• WHAT TO DO: From the listing below, extract every line containing "Cotton".

* * * * *

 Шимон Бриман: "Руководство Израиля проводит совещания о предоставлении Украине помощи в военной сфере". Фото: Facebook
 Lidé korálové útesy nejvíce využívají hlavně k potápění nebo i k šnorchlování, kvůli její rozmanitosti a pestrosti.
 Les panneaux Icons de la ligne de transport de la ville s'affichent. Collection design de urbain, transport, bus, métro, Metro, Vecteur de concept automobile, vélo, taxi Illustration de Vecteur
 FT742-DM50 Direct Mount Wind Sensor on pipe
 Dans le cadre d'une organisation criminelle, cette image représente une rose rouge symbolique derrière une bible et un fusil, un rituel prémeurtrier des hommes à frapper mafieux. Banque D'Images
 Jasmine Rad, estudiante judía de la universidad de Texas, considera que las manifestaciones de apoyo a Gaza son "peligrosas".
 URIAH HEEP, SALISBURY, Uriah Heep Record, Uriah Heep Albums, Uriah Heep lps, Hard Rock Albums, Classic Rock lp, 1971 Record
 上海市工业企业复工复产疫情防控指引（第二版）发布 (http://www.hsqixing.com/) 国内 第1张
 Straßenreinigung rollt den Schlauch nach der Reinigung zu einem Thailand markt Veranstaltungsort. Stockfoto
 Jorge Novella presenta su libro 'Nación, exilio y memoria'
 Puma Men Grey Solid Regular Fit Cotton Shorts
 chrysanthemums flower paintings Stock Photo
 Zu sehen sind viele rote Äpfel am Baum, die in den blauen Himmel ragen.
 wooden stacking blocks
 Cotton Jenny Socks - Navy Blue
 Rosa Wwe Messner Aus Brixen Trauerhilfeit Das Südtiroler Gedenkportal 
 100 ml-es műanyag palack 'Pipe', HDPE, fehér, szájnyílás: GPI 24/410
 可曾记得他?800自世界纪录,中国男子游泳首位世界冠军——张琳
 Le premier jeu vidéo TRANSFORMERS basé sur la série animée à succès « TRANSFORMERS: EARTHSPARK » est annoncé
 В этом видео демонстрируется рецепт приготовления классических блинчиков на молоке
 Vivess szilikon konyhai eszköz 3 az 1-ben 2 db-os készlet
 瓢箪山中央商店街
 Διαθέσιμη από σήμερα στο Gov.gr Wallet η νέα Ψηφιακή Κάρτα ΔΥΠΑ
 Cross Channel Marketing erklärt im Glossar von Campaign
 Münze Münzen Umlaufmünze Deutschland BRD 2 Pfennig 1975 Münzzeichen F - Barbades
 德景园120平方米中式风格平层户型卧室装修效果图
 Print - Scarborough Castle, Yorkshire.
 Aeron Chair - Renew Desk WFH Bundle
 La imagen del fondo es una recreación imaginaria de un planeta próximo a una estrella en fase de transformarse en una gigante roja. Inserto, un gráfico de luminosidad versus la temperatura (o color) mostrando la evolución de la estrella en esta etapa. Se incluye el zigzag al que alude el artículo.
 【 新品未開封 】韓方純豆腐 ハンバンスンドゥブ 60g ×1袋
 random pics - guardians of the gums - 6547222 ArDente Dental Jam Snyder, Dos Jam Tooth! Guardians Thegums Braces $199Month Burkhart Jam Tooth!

* * * * *

• EXPECTED ANSWER:
 Puma Men Grey Solid Regular Fit Cotton Shorts
 Cotton Jenny Socks - Navy Blue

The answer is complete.